AMD said that its net income and earnings per share, among other things, have exhibited enormous growth. This is a 350 percent increase in GAAP and around 250 percent in non-GAAP terms.
On average, analysts had projected revenue of $3.8 billion. The company also raised its annual outlook and now expects revenue to increase by 60 percent up from a previous forecast for 50 percent growth.
The increases were driven by a richer mix of sales, including high-end Ryzen, Radeon, and Epyc processor sales. That means AMD is doing well across the board.
More interesting though is that the company shared more details on its upcoming Zen 4 which is the fourth major iteration of the Zen CPU micro-architecture, as well as Radeon's next-gen RDNA 3 graphics architectures.

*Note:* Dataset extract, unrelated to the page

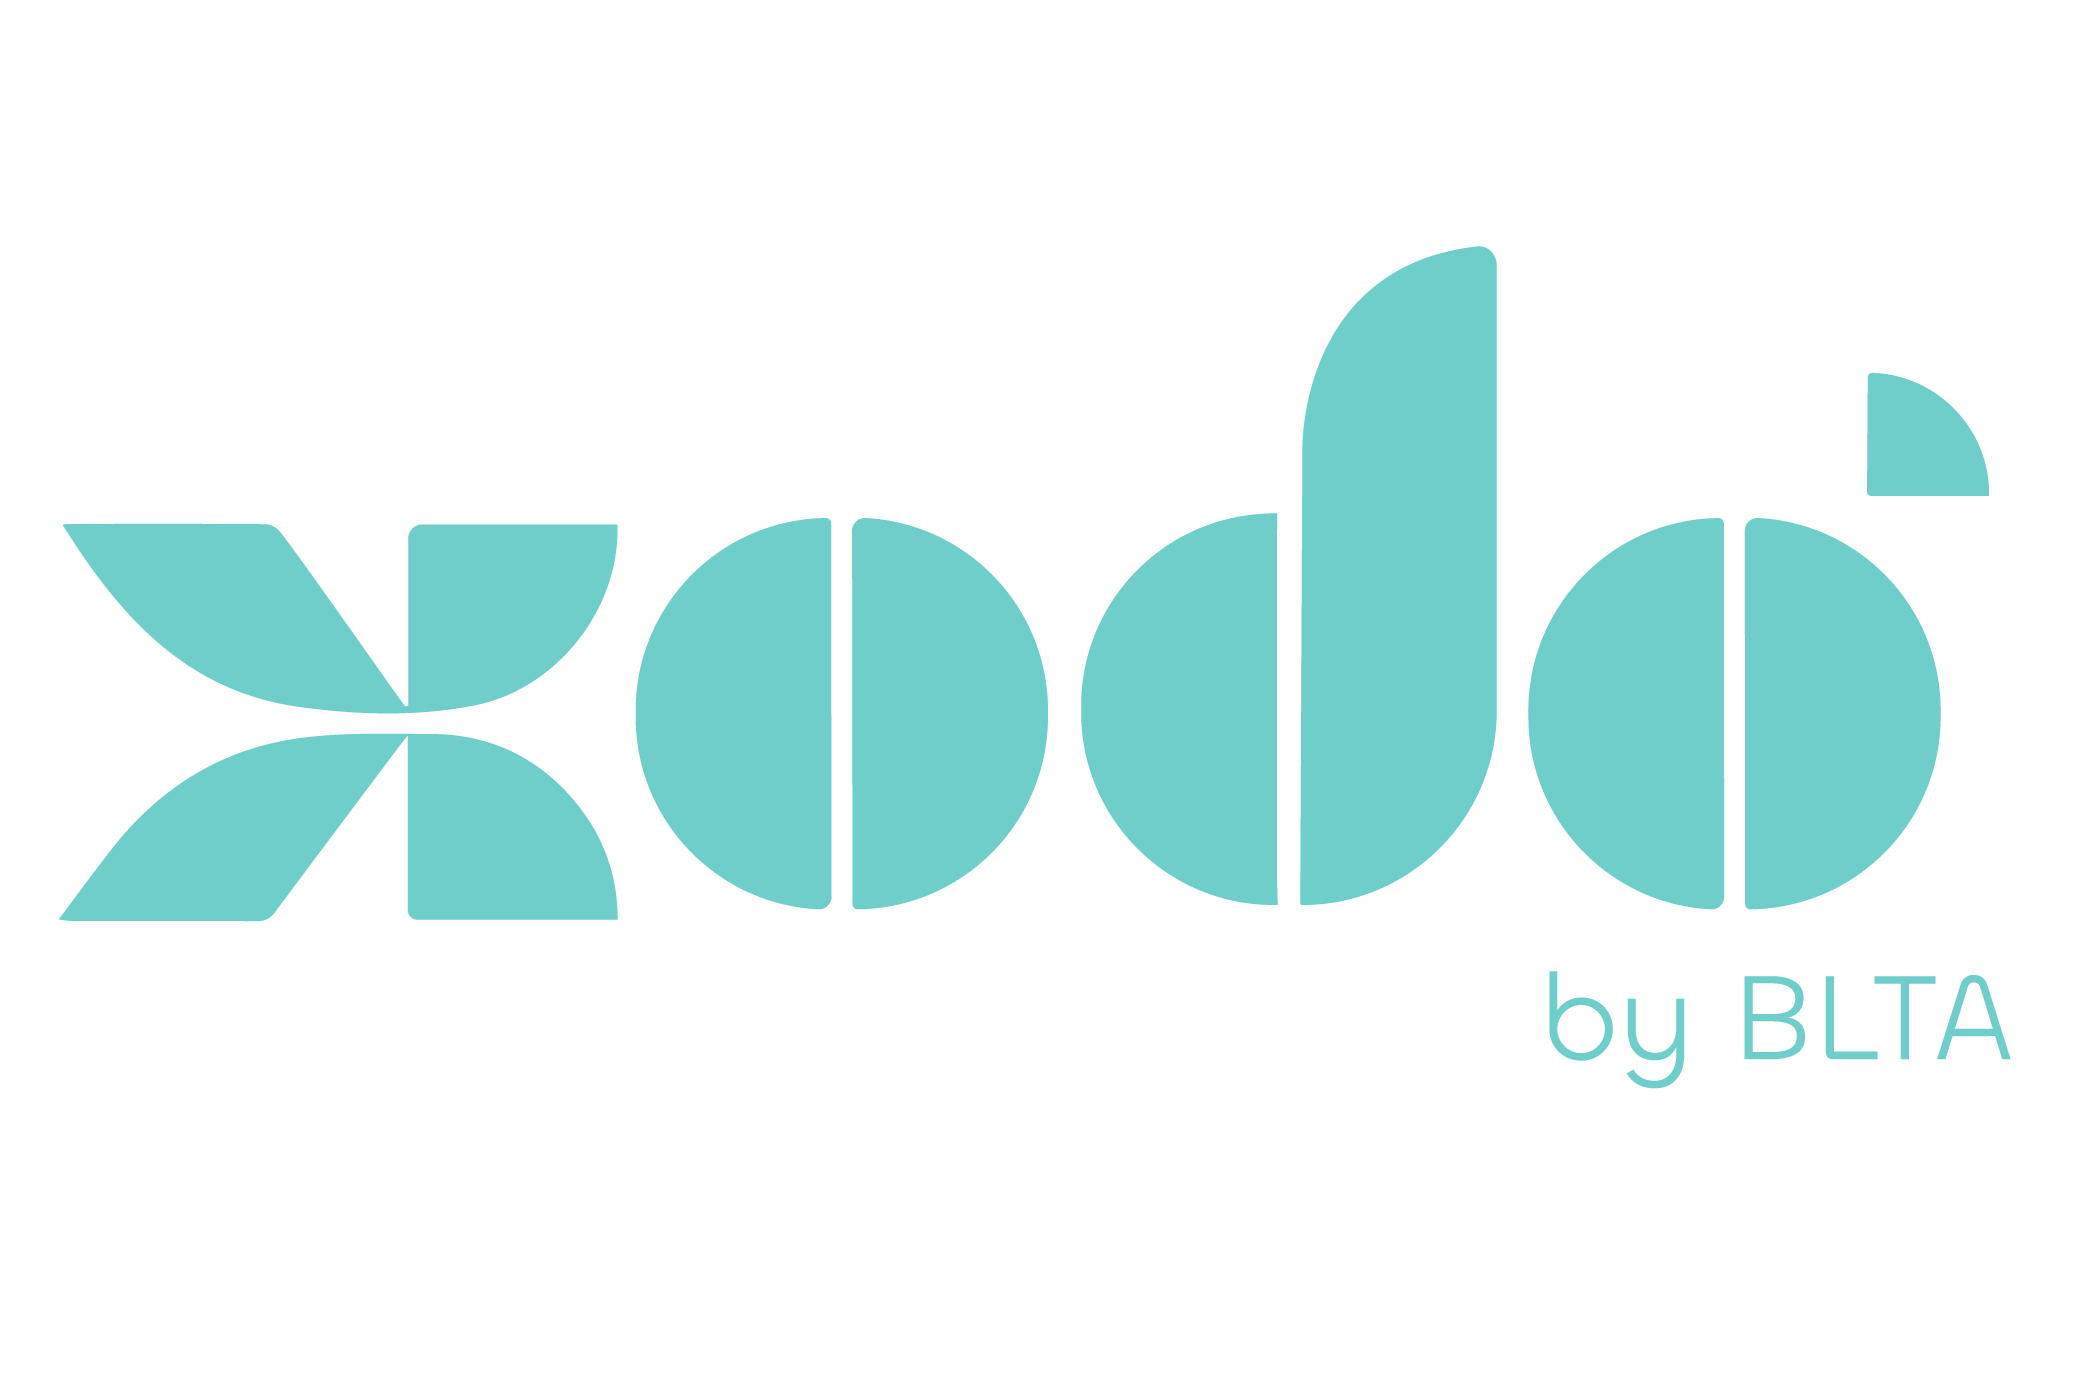 Xodo Identidade Visual 15 e1710204442424 Xodó by BLTA: associação anuncia lançamento de nova marca hoteleira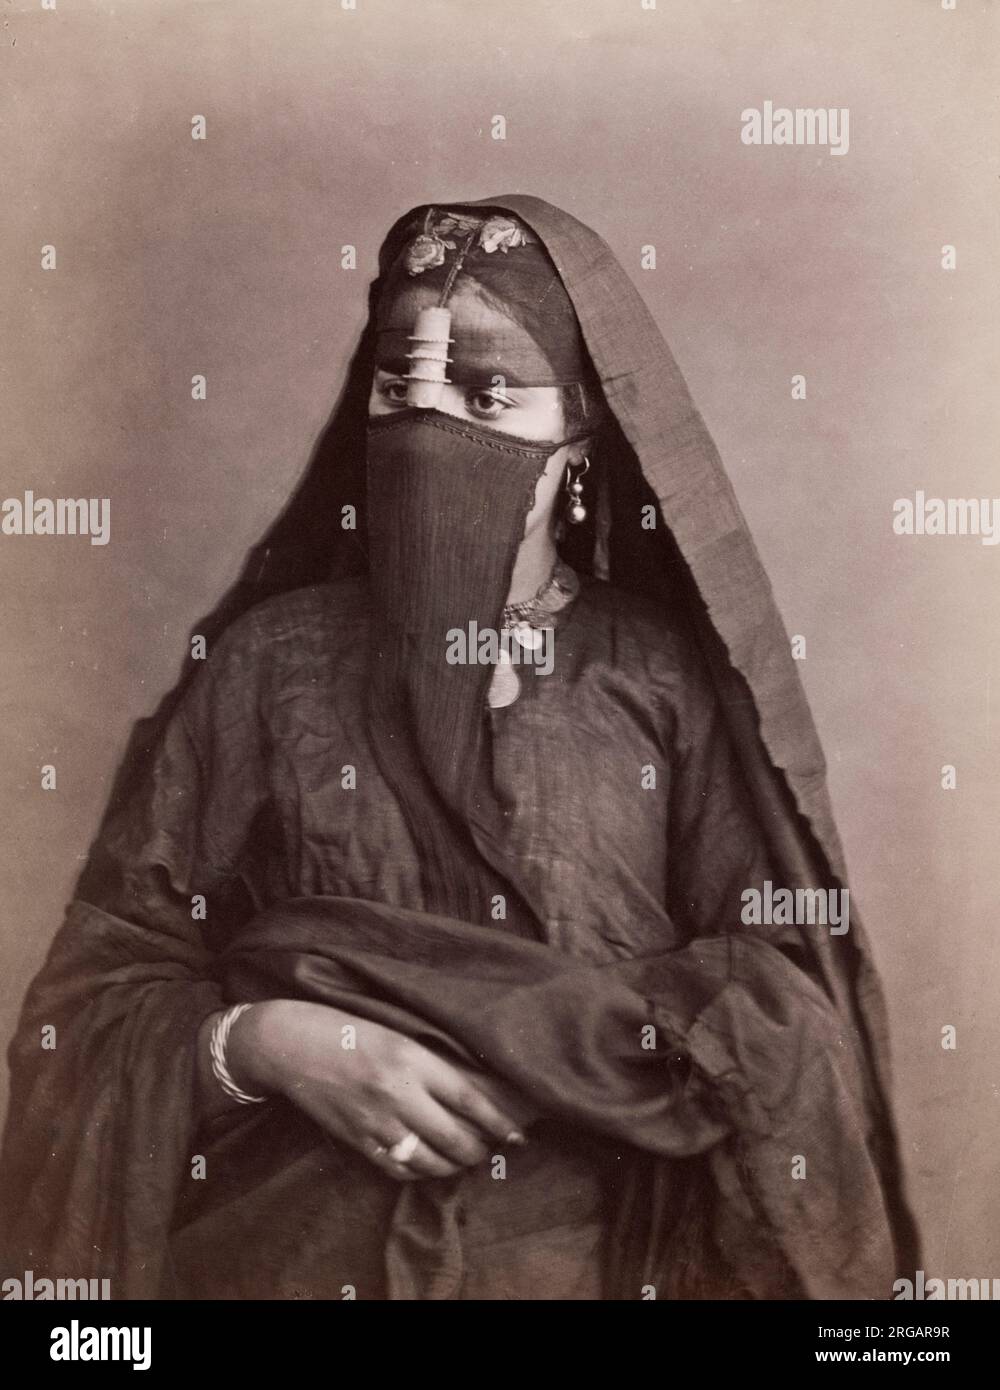 Vintage Foto aus dem 19. Jahrhundert - junge arabische Frau mit Gesichtsschleier, Ägypten. Stockfoto

CEO Lisa Su said that the company's plan to launch Zen 4-based processors - which will purportedly comprise the Ryzen 7000 series lineup (codenamed "Raphael") - is "on-track" for next year.
The upcoming CPUs will be built on an "industry-leading 5nm process technology". Over on the graphics side, RDNA 3 or Navi 3X would also be arriving in 2022, although the company appears to be undecided on what process node to build it on.
Su said the company can continue to grow, even if PC demand falls in 2022. “We expect our competition to be really good and we need to be better than that”, Su said during a conference call after the results.